Si deve predisporre lo sviluppo di centrali di produzione energetica con tecnologia sostenibile: cellule fotovoltaiche e di sfruttamento dei moti convettivi naturali, con utilizzo di dispositivi a turbina.
Attraverso un’opportuna diversificazione dei rifiuti urbani, si potrà smaltire la parte di essi non riciclabile in impianti cogenerativi di incenerimento a postcombustione e teleriscaldamento, in grado di fornire energia termica ed elettrica. Il resto verrà immesso nel ciclo di riuso, sia per l’inorganico (plastiche, vetro, metalli) che per l’organico (con impianti di compostaggio per concimi).

 

Laboratori di ricerca
Si ipotizza lo sviluppo del Centro Sperimentale del tabacco grazie all’inserimento di un polo tecnologico universitario parallelo, predisposti allo studio delle materie relative al settore agricolo, medico, geologico, ambientale e zootecnico.
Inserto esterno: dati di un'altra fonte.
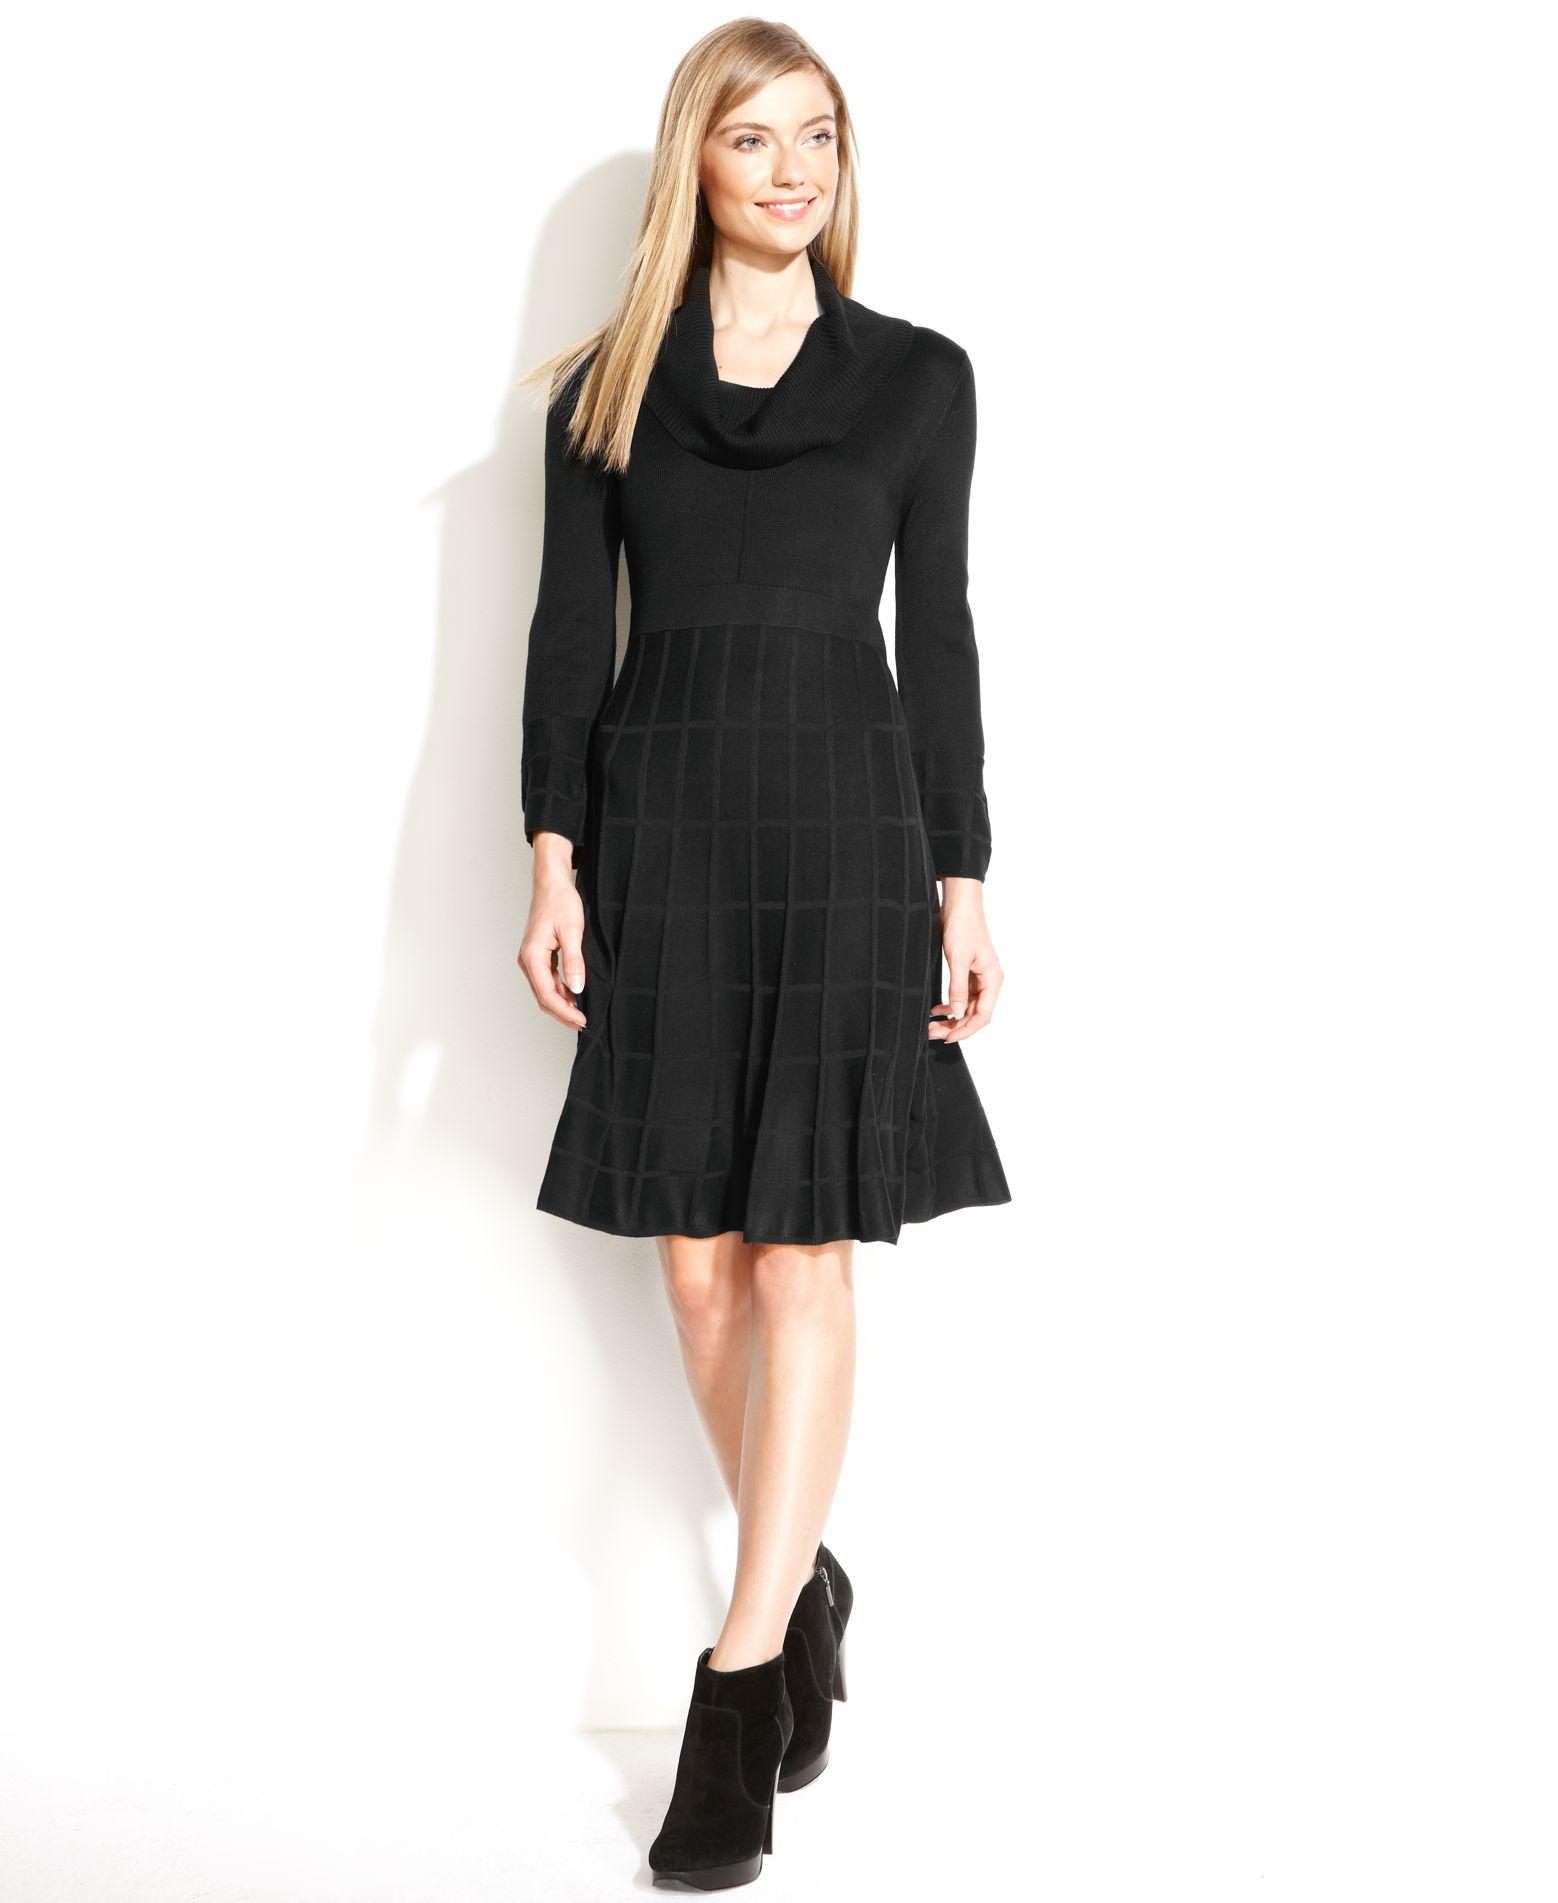 calvin klein black dresses macys photo - 1

I luoghi di ricerca sono aperti al pubblico per aumentare lo scambio d’informazione e stimolare una sensibilità approfondita nei confronti dell’ambiente.

 

Riqualificazione delle identità storiche
L’aumento delle attività sociali, l’incentivazione alla formazione e alla presa di coscienza delle diverse identità, con una distribuzione di attività didattiche e di preparazione potrebbe portare alla riaffermazione dei propri valori.
All’interno del ciclo progettuale vengono coinvolti tutti gli spazi urbani, compresi i residuali. Questi spazi marginali, possono essere riutilizzati per merito di istallazioni, mostre o eventi temporanei.